In re the Claim of Lopresti

Appeal from a decision of the Unemployment Insurance Appeal Board, filed May 1, 2012, which ruled that claimant was *847disqualified from receiving unemployment insurance benefits because her employment was terminated due to misconduct.

For more than 10 years, claimant worked as an associate director of an outpatient program for a not-for-profit community service organization. Her job responsibilities included managing funds advanced to the program and paying expenses therewith. The employer’s policy required that checks advanced to the program be cashed at an on-site bank and that the money be kept secured in a facility safe, to be used for specific program expenses. Instead of following this policy, it was claimant’s practice to deposit checks into her own personal checking account, withdraw the cash and either put it in the safe or reimburse herself and others for out-of-pocket expenditures, provide the employer with receipts for expenditures and, where necessary, write checks from her account to reimburse the employer for money that was advanced but not spent.

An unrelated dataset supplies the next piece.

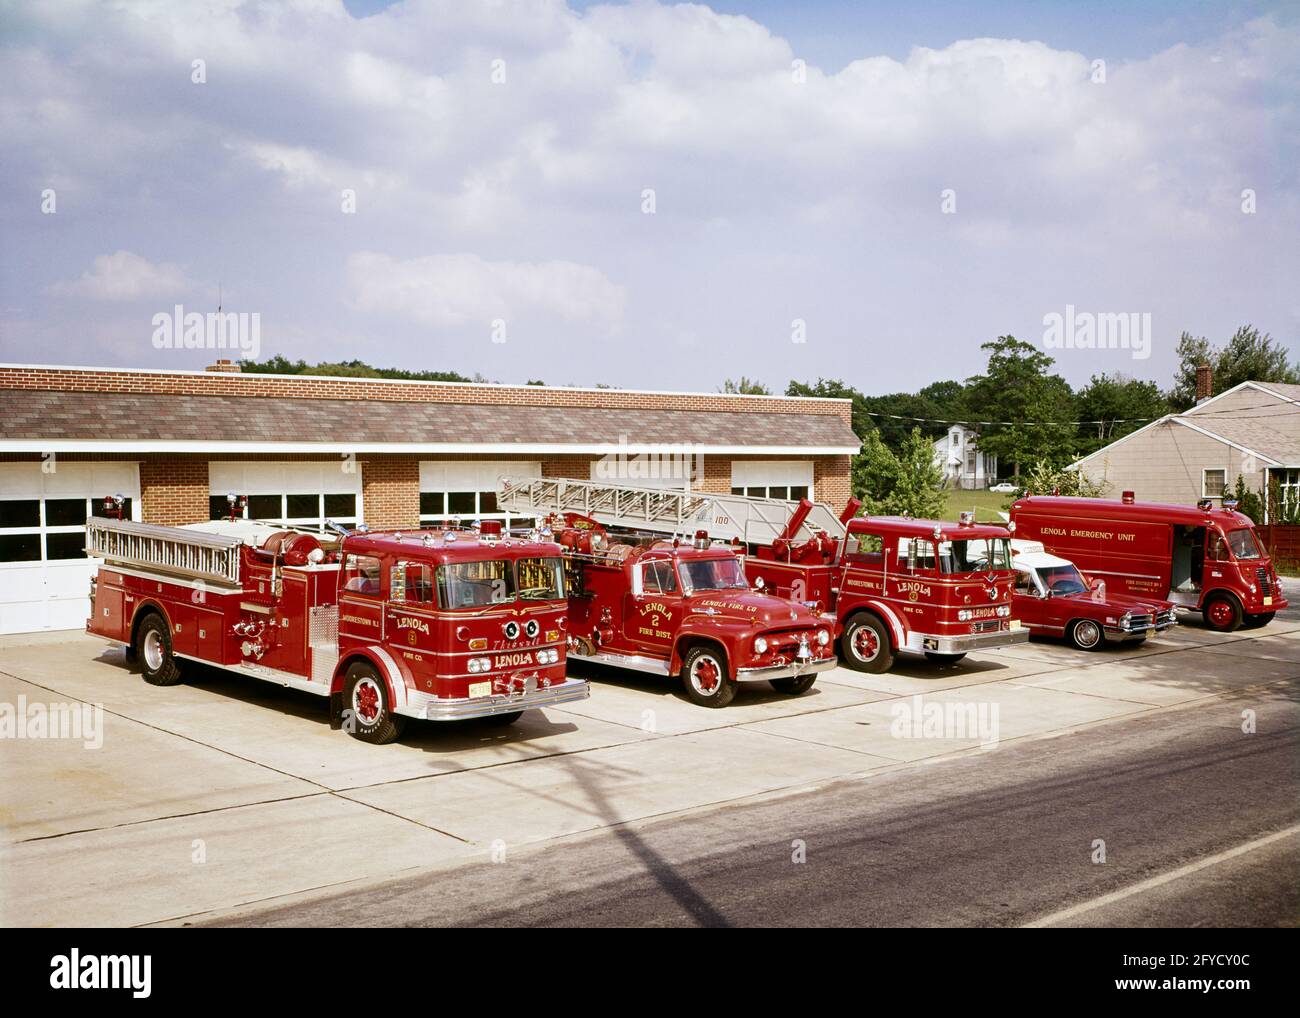 1960s 5 EMERGENCY VEHICLES TRUCKS INCLUDING AN AMBULANCE IN FRONT OF THE VOLUNTEER FIRE DEPARTMENT BUILDING IN LENOLA NJ USA - kf6289 HAR001 HARS WIDE ANGLE FIREMAN DISASTER ADVENTURE PROTECTION STRENGTH COURAGE EXTERIOR KNOWLEDGE POWERFUL PROGRESS PRIDE ON AUTHORITY NJ OCCUPATIONS FIREMEN CONCEPTUAL STYLISH SUPPORT VEHICLES NEW JERSEY SMALL TOWN COOPERATION FIREFIGHTERS FIRES GROWTH TOGETHERNESS FIRE DEPARTMENT HAR001 INCLUDING OLD FASHIONED Stock Photo

In March 2010, an internal audit disclosed, among other things, that claimant had violated the employer’s policy prohibiting employees from depositing program funds directly into their personal bank accounts. As a result, the employer terminated claimant’s employment for “misconduct, mismanagement of [ajgency funds and insubordination.” Claimant was initially deemed eligible to receive unemployment insurance benefits; that determination was upheld by an Administrative Law Judge after a hearing, but the Unemployment Insurance Appeal Board subsequently reversed the Administrative Law Judge’s decision and ruled that claimant was disqualified from receiving benefits because her employment had been terminated due to misconduct. Claimant now appeals.

We reverse. Even where an employee has been fired for legitimate reasons, the “behavior may fall short of misconduct and, therefore, he or she may still be entitled to receive benefits” (Matter of Dunham [Commissioner of Labor], 68 AD3d 1328, 1329 [2009]; see Matter of Clum [All-Lifts, Inc. — Commissioner of Labor], 51 AD3d 1171, 1172 [2008]). Although a knowing violation of an employer’s established policies that has a detrimental effect on the employer’s interests can constitute disqualifying misconduct (see Matter of Spierto [Commissioner of Labor], 78 AD3d 1365, 1365 [2010]; Matter of Clum [All-Lifts, Inc. — Commissioner of Labor], 51 AD3d at 1172; see also Matter of Briskie [Commissioner of Labor], 98 AD3d 786, 786-787 [2012]), we find that claimant’s misconduct in this case did not rise to a disqualifying level. While we do not quarrel with the Board’s finding that claimant violated the employer’s established policies, which provided a basis for terminating her employ*848ment, the hearing testimony reveals that claimant’s actions were in keeping with a longstanding practice that was at least partially condoned by her former supervisor and were necessary because claimant did not have check writing authority. Moreover, inasmuch as she was terminated immediately after her new supervisor learned of this practice, claimant was unable to demonstrate her willingness to reform her conduct consistent with this supervisor’s expectations. Significantly, the record is devoid of any evidence that claimant misappropriated program funds or that her actions were detrimental to the employer. As a result, even though claimant’s transgression provided justification for her termination, we cannot conclude on the record before us that substantial evidence supports the Board’s decision to disqualify her from receiving benefits (see Matter of Spierto [Commissioner of Labor], 78 AD3d at 1366; Matter of Dunham [Commissioner of Labor], 68 AD3d at 1329-1330).

Peters, P.J., Stein, Spain and Egan Jr., JJ., concur. Ordered that the decision is reversed, without costs, and matter remitted to the Unemployment Insurance Appeal Board for further proceedings not inconsistent with this Court’s decision.